2. The method according to claim 1, wherein the determining and outputting target character conversation data from the target character conversation data according to the probability of belonging to the preset category, the probability of containing a positive factor and the probability of containing a negative factor comprises:

for each piece of target role session data, determining a corresponding score according to the probability belonging to the preset category and the preset category score;

and in response to the fact that the probability containing the positive factors is larger than a preset threshold and the probability containing the negative factors is smaller than the preset threshold, determining target session data in the target role session data according to each score and outputting the target session data.

3. The method according to claim 2, wherein the determining and outputting target session data in the target role session data according to each score comprises:

and in response to the fact that the score is larger than a preset score threshold value in each score, determining target role session data corresponding to the score larger than the preset score threshold value in each score as target session data and outputting the target role session data.

4. The method of claim 2, further comprising:

and in response to the fact that the probability of each positive-direction-containing factor is smaller than a preset threshold or the probability of each negative-direction-containing factor is larger than a preset threshold, determining that target session data does not exist in the target role session data, and ending the data processing process.

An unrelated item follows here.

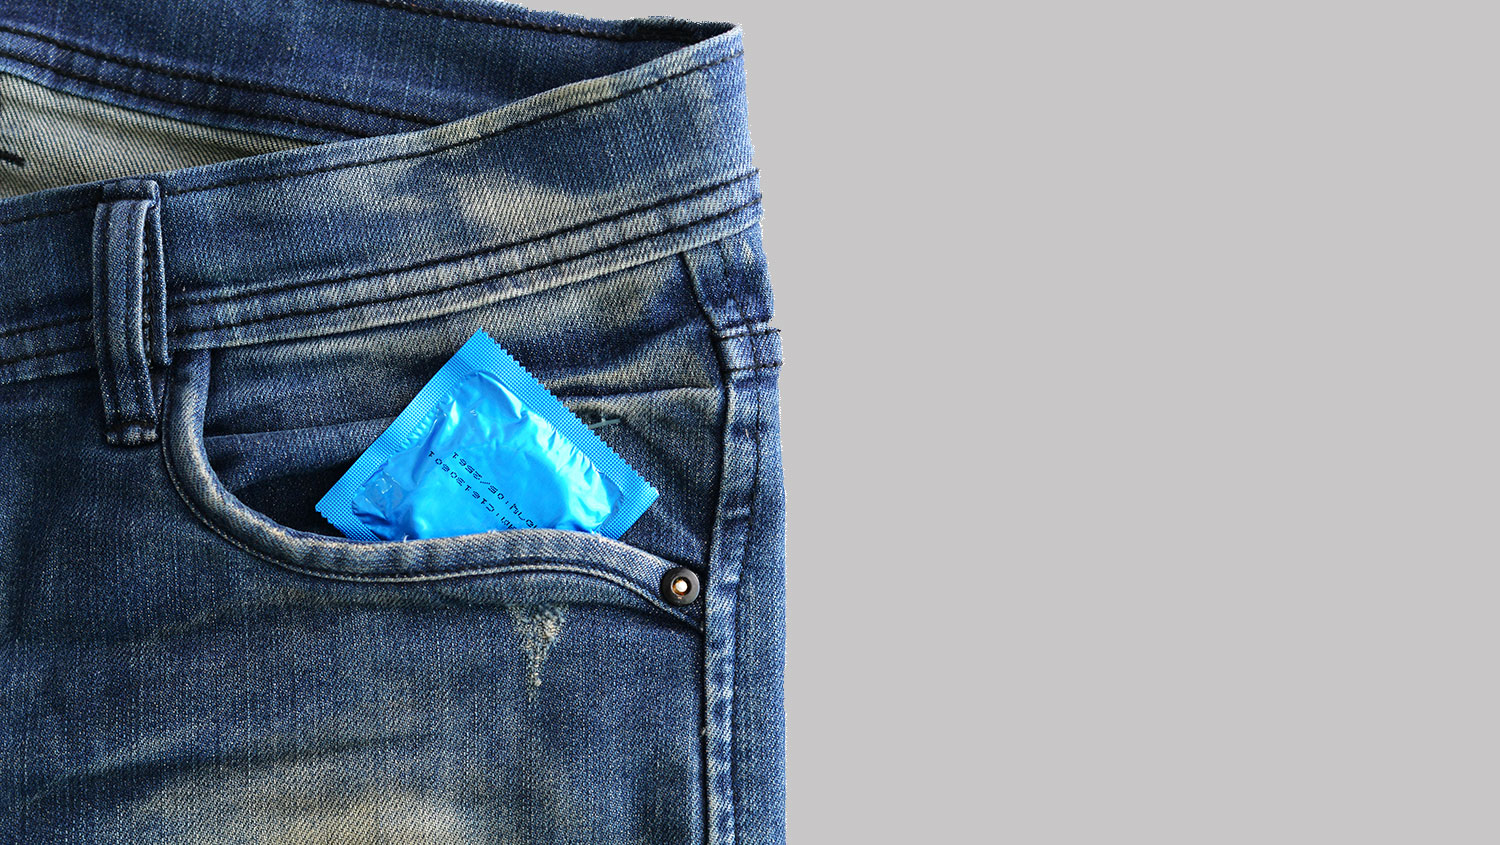 Condom in jeans pocket

5. The method of claim 1, wherein predicting the probability that the target role session data belongs to a preset category, the probability comprising a positive factor, and the probability comprising a negative factor comprises:

calling a percentile model to input the target role session data into the percentile model, and further outputting the probability that the target role session data belong to a preset category;

and calling a negative factor model to input the target role session data into the negative factor model, and further outputting the probability that the target role session data contains the negative factor.

6. The method of claim 1, wherein extracting target role session data from the session data according to the role identification comprises:

7. The method of claim 1, wherein prior to the predicting the probability that the target role session data belongs to a preset category, the probability comprising a positive going factor, and the probability comprising a negative going factor, the method further comprises:

determining time corresponding to target role session data, and splicing the target role session data according to the time to generate spliced session data;

and updating the target role session data by utilizing the splicing session data.

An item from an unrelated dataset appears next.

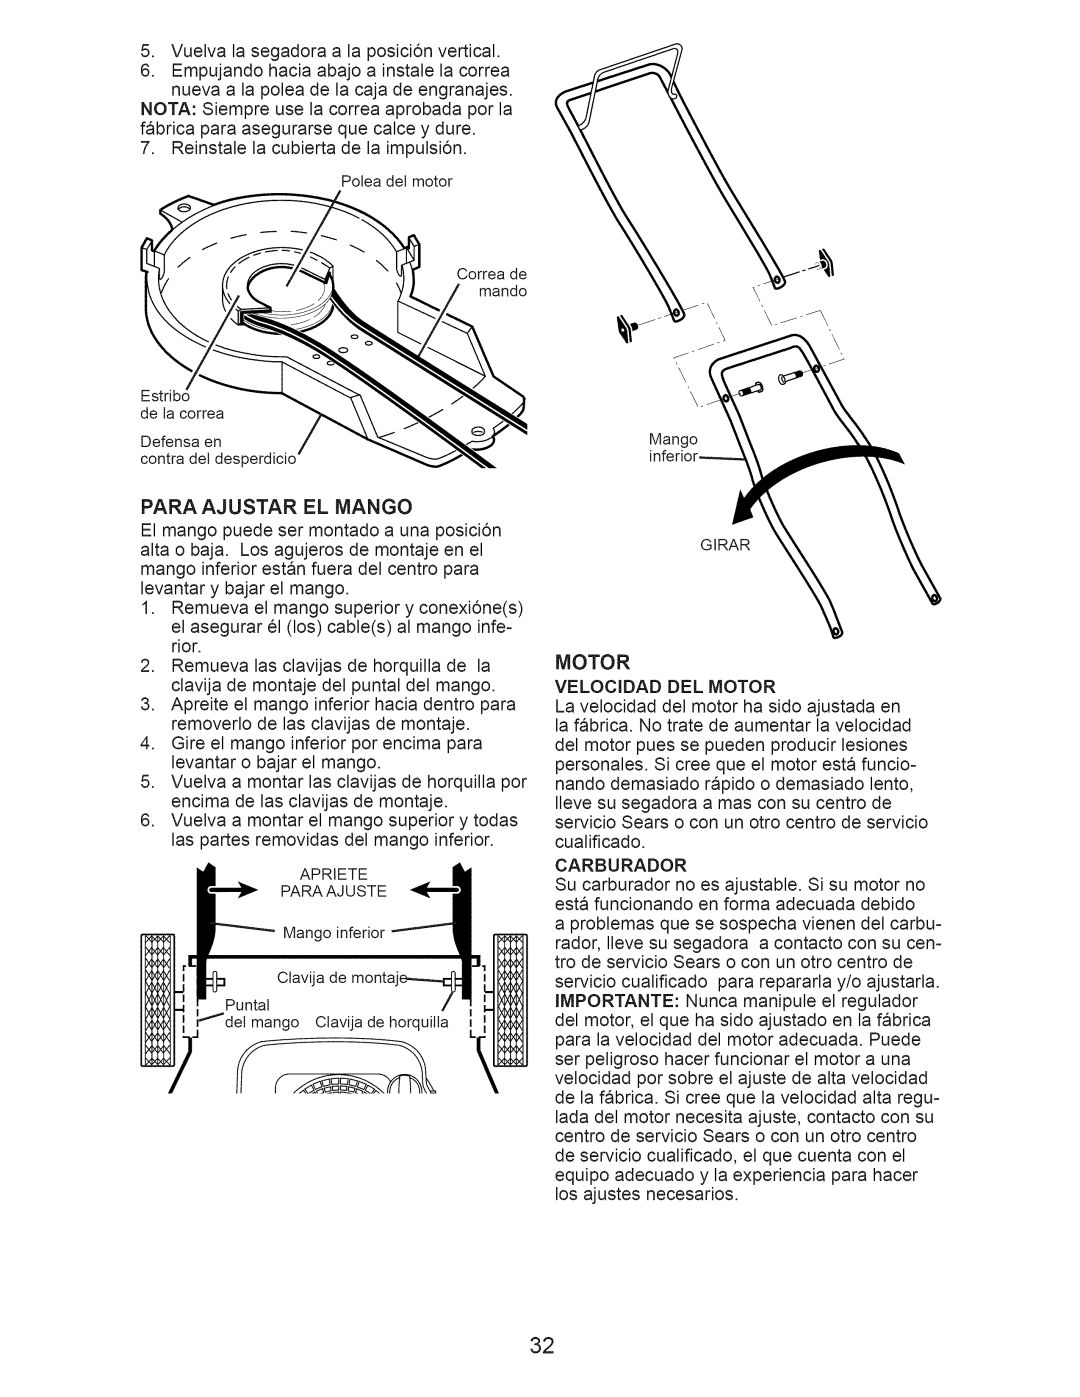 Craftsman 917.375010 owner manual Para Ajustar El Mango, Motor

8. A data processing apparatus, characterized by comprising:

a probability prediction unit configured to predict a probability that the target character session data belongs to a preset category, a probability including a positive factor, and a probability including a negative factor;

and the output unit is configured to determine and output target session data from the target role session data according to the probability of belonging to the preset category, the probability containing a positive factor and the probability containing a negative factor.

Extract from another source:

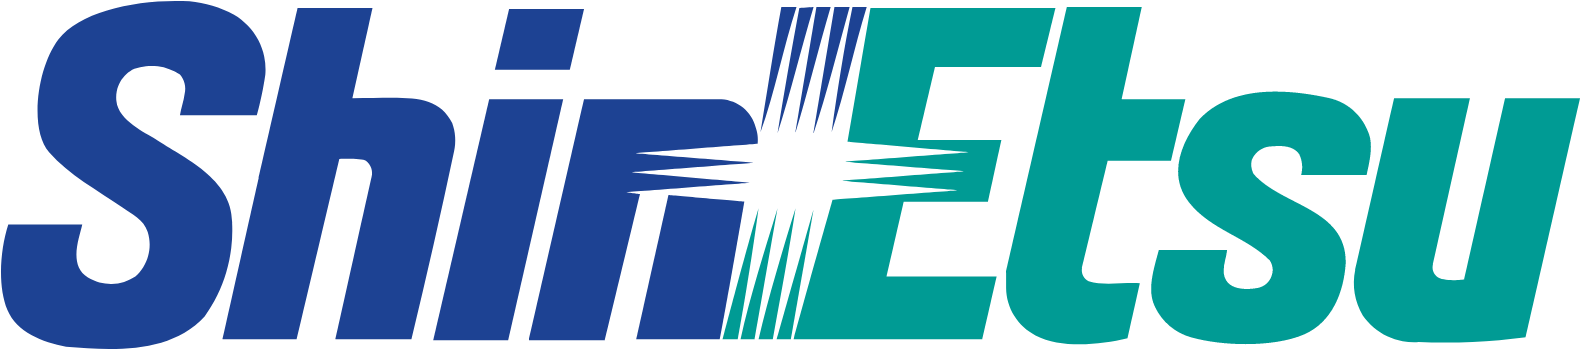 Shin-Etsu Chemical logo large (transparent PNG)

9. The apparatus of claim 8, wherein the output unit is further configured to:

10. The apparatus of claim 9, wherein the output unit is further configured to:

11. An electronic device for data processing, comprising:

one or more processors;

a storage device for storing one or more programs,

when executed by the one or more processors, cause the one or more processors to implement the method of any one of claims 1-7.

12. A computer-readable medium, on which a computer program is stored which, when being executed by a processor, carries out the method according to any one of claims 1-7.